Retrieval Test/Citation

1. Recall Testing

The Dify Knowledge Base provides a text recall testing feature to debug the recall effects under different retrieval methods and parameter configurations. You can enter common user questions in the Source Text input box, click Test, and view the recall results in the Recalled Paragraph section on the right. The Recent Queries section allows you to view the history of query records; if the knowledge base is linked to an application, queries triggered from within the application can also be viewed here.

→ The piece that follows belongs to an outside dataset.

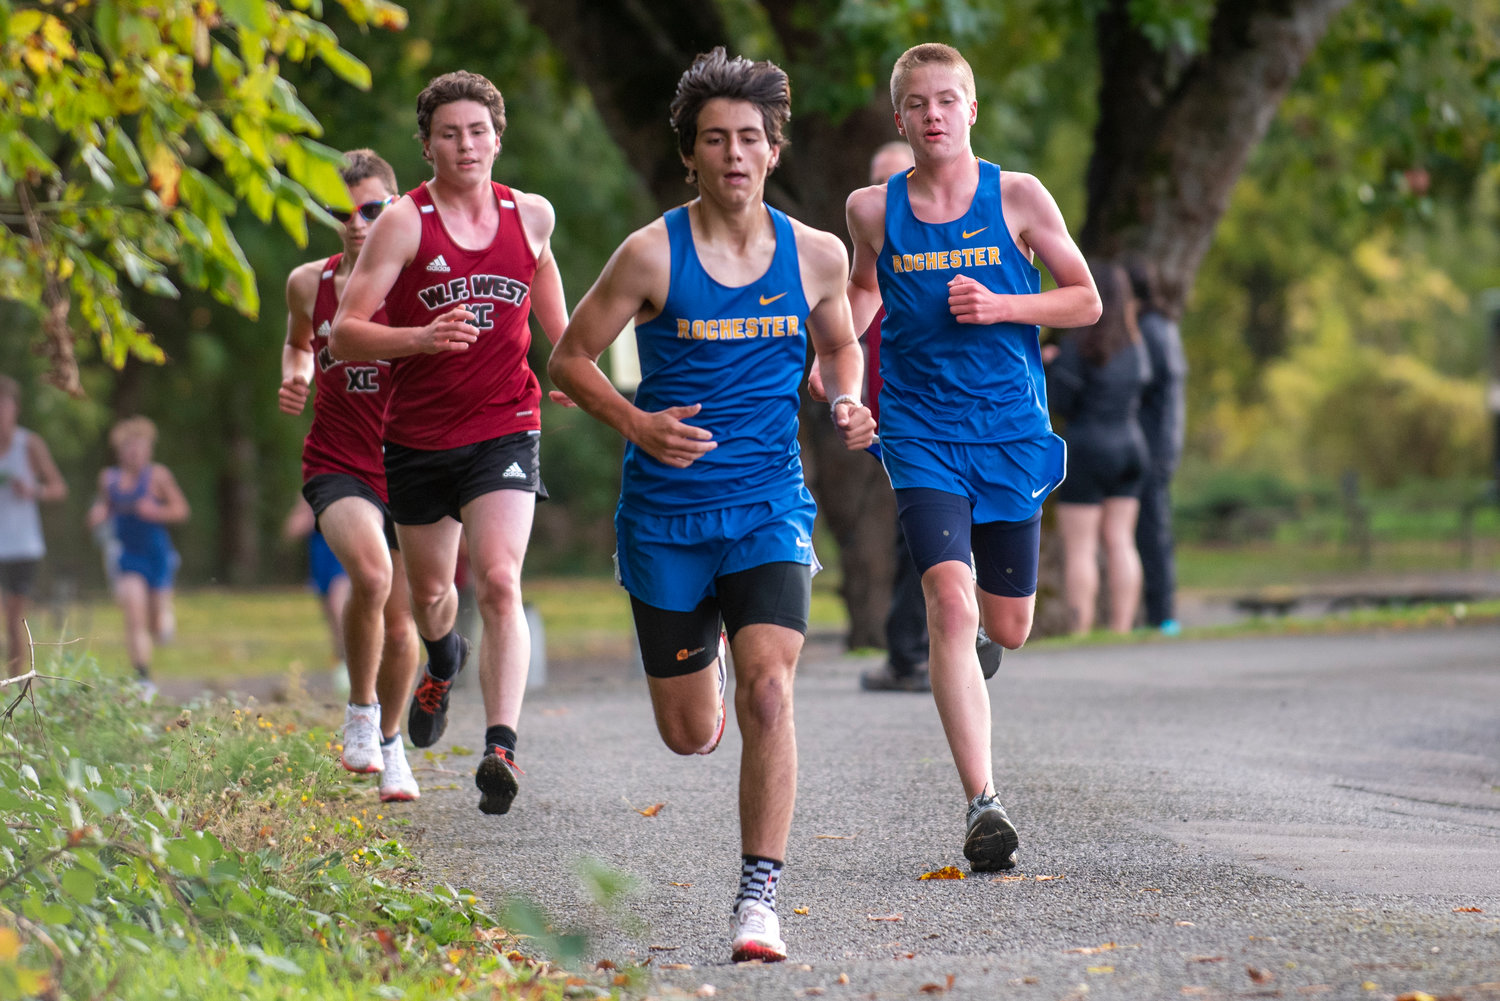 From left, W.F. West's Jaysen Miles, W.F. West's Henry Jordan, Rochester's Gabe Stuard and Rochester's Gunnar Morgan compete at Stan Hedwall Park on Wednesday, Oct. 6, 2021.

Clicking the icon in the upper right corner of the source text input box allows you to change the retrieval method and specific parameters of the current knowledge base. Changes will only take effect during the recall testing process. After completing the recall test and confirming changes to the retrieval parameters of the knowledge base, you need to make changes in Knowledge Base Settings > Retrieval Settings.

Suggested Steps for Recall Testing:

  1. Design and organize test cases/test question sets covering common user questions.

  2. Choose an appropriate retrieval strategy: vector search/full-text search/hybrid search. For the pros and cons of different retrieval methods, please refer to the extended reading Retrieval-Augmented Generation (RAG).

  3. Debug the number of recall segments (TopK) and the recall score threshold (Score). Choose appropriate parameter combinations based on the application scenario, including the quality of the documents themselves.

How to Configure TopK Value and Recall Threshold (Score)

  • TopK represents the maximum number of recall segments when sorted in descending order of similarity scores. A smaller TopK value will recall fewer segments, which may result in incomplete recall of relevant texts; a larger TopK value will recall more segments, which may result in recalling segments with lower semantic relevance, reducing the quality of LLM responses.

  • The recall threshold (Score) represents the minimum similarity score allowed for recall segments. A smaller recall score will recall more segments, which may result in recalling less relevant segments; a larger recall score threshold will recall fewer segments, and if too large, may result in missing relevant segments.


2. Citation and Attribution

When testing the knowledge base effect within the application, you can go to Workspace -- Add Function -- Citation Attribution to enable the citation attribution feature.

After enabling the feature, when the large language model responds to a question by citing content from the knowledge base, you can view specific citation paragraph information below the response content, including original segment text, segment number, matching degree, etc. Clicking Jump to Knowledge Base above the cited segment allows quick access to the segment list in the knowledge base, facilitating developers in debugging and editing.